“Kalau dampak kebijakan itu mulai berlaku harga minyak melonjak menjadi USD90- USD100 per barel, saya sudah tidak bisa komentar lagi karena semestinya harga BBM juga sudah naik tentunya, karena memberatkan fiskal dan keuangan Pertamina,” ujarnya.
Pri Agung menambahkan, jika harga minyak sampai dengan November tidak melonjak, pemerintah sudah siap dengan skenario tidak menaikkan premium dam solar.
Namun, pendapat berbeda dilontarkan oleh pengamat energi dari Universitas Gadjah Mada Fahmy Radhi. Menurut dia, Pertamina punya cara mengatasi kerugian akibat fluktuasi harga minyak dunia dan depresiasi rupiah terhadap dolar AS.

Fahmy mengatakan, Pertamina bisa memperoleh keuntungan dari penjualan pertalite, pertamax, dan premium. Keuntungan penjualan dari BBM jenis lainnya itulah yang dimanfaatkan untuk menutupi potential loss.
“Itu baru jualan di sektor hilir. Pertamina, kan, juga mempunyai usaha-usaha lain di sektor hulu dengan jumlah besar. Pemerintah memberikan juga blok-blok migas terminasi, seperti Blok Mahakam atau Blok Rokan untuk dikelola Pertamina,” katanya.

Fahmy menilai keuangan Pertamina tidak akan tergerus signifikan. Sebaliknya, Pertamina tetap memperoleh keuntungan dari keseluruhan pendapatan hulu dan hilir.
“Pertamina masih mencatat keuntungan, tapi memang tidak sebesar kalau menaikkan harga premium,” katanya.
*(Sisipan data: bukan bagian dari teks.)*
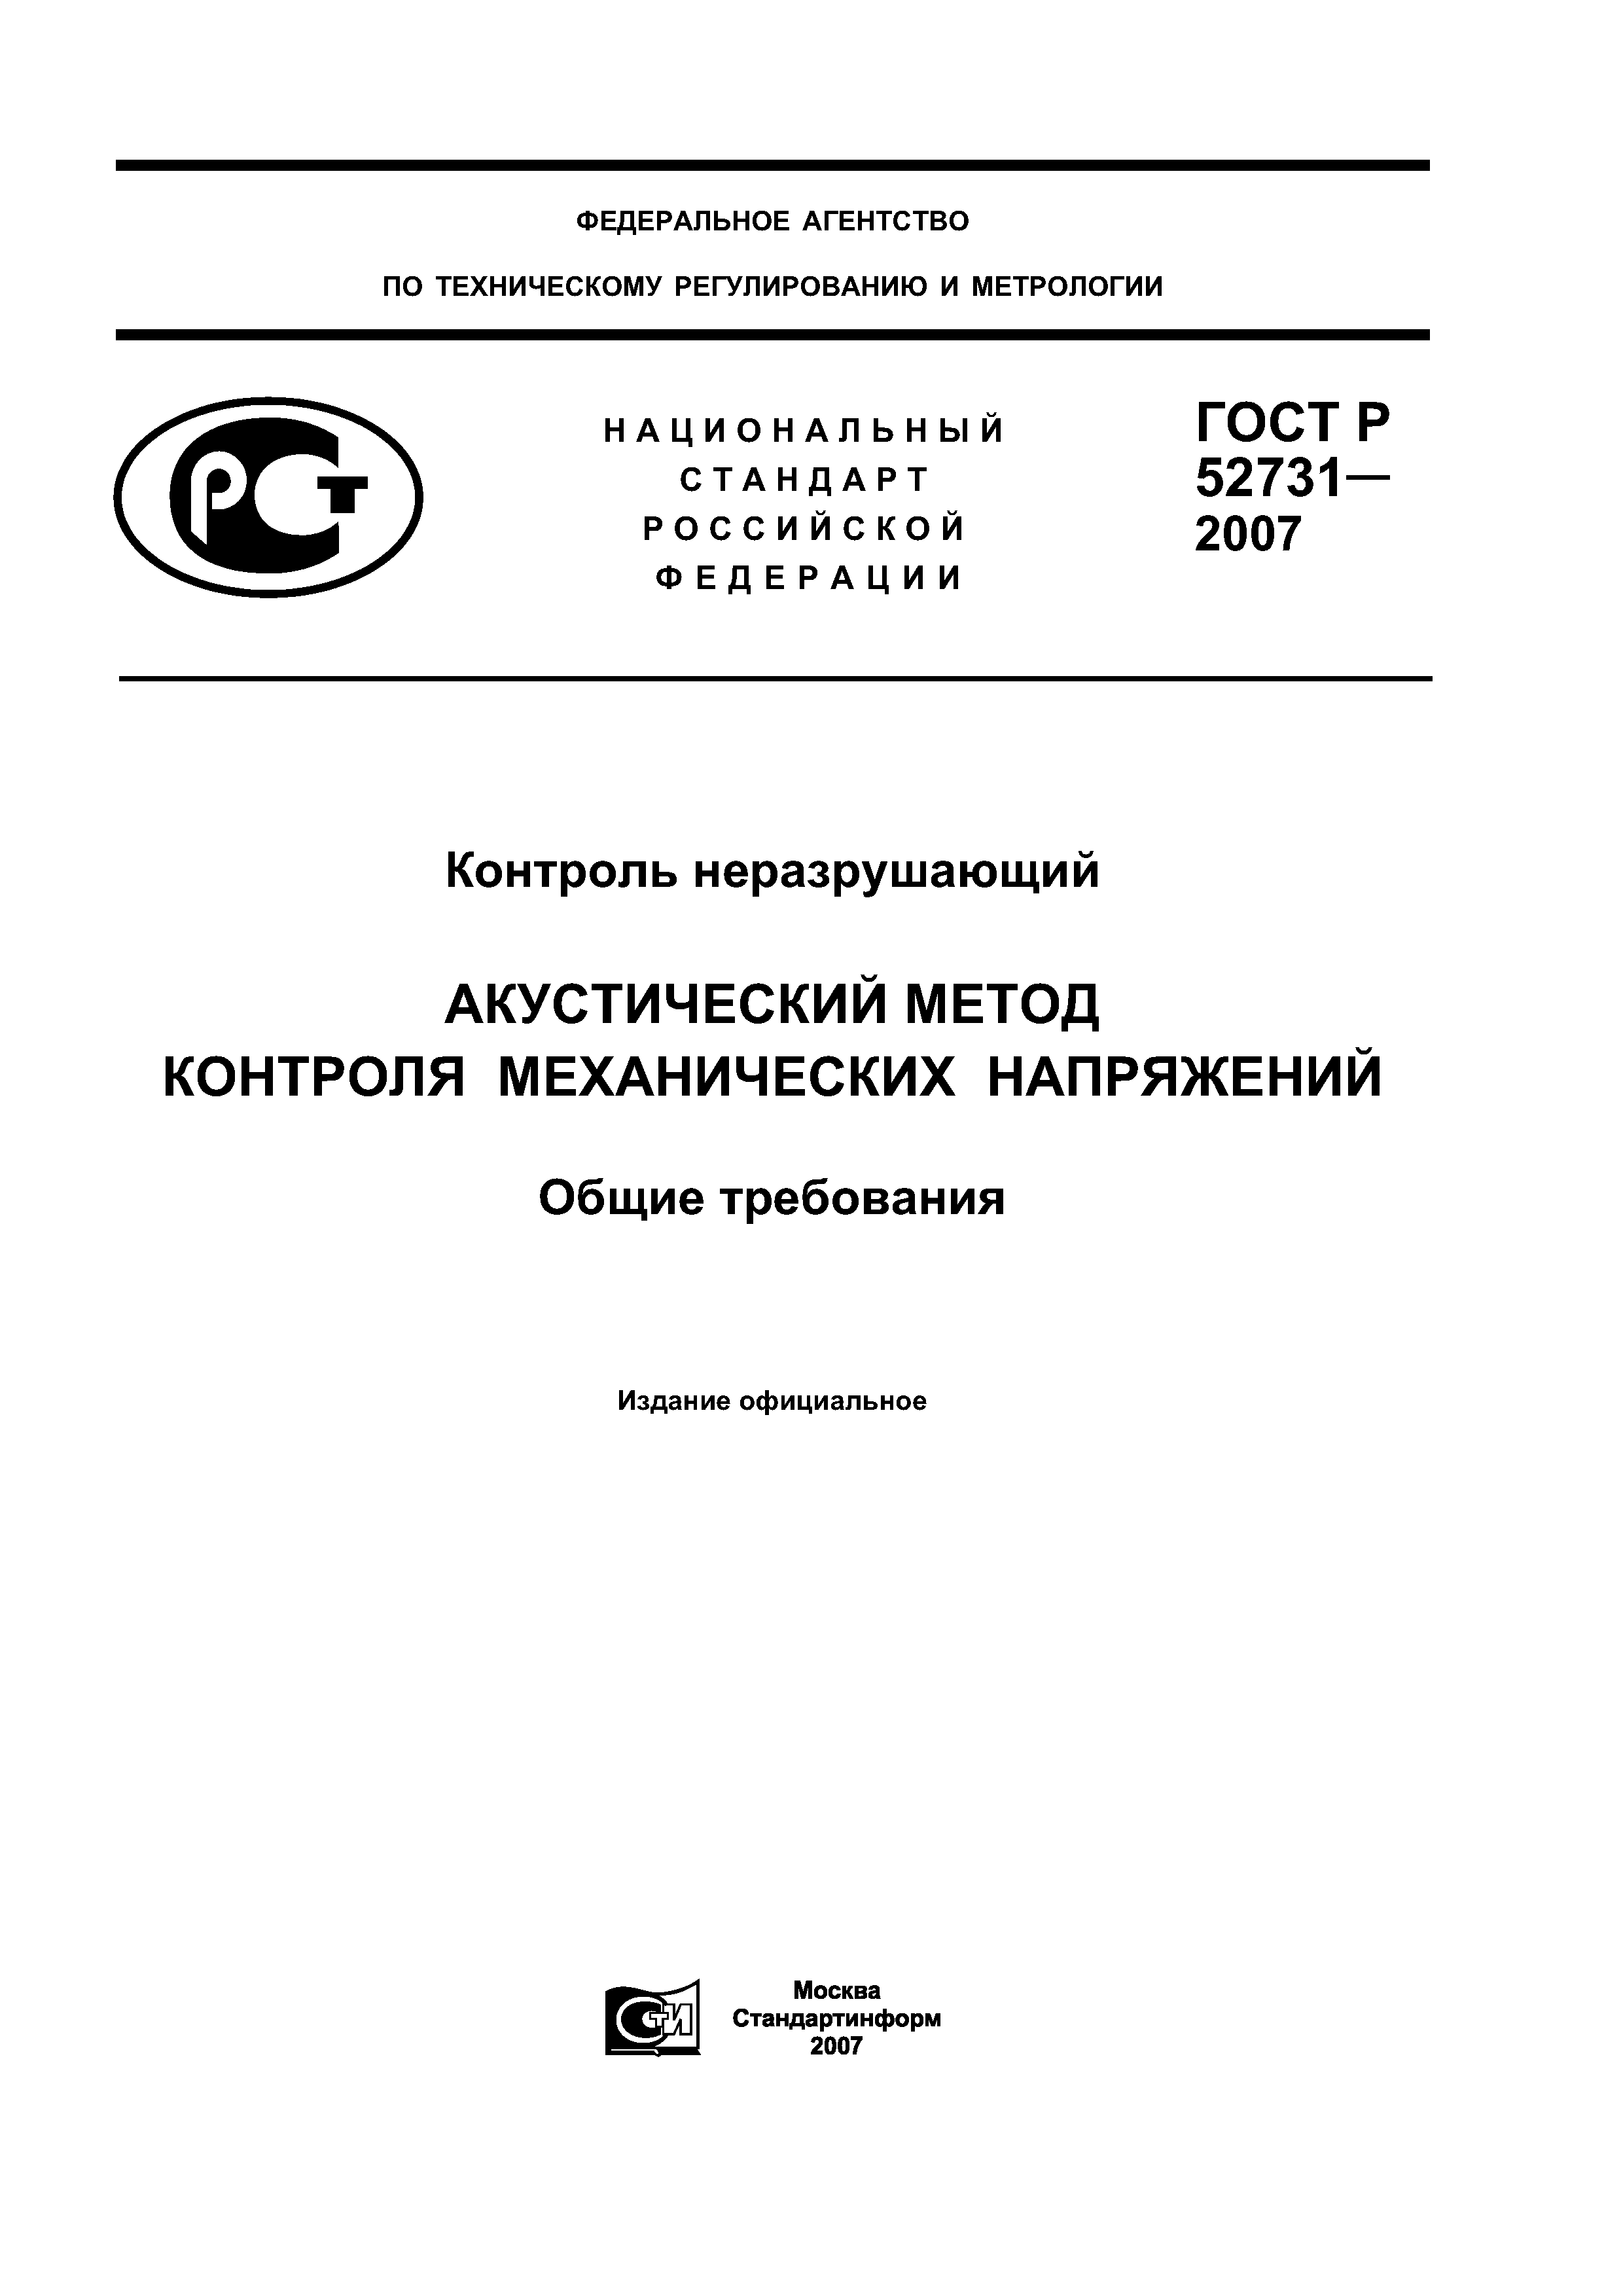 ГОСТ Р 52731-2007

Sementara itu, pengamat energi dari Universitas Indonesia Iwa Garniwa beranggapan pemerintah harus mempunyai kebijakan tidak merugikan Pertamina. Dia mengatakan, pada 2017 laba BUMN migas terbesar RI ini pun merosot 23% dibanding tahun sebelumnya, yakni USD2,41 miliar dari USD3,15 miliar yang pernah dicapai pada tahun sebelumnya. (Nanang wijayanto/Koran Sindo)
(Feb)
(Rani Hardjanti)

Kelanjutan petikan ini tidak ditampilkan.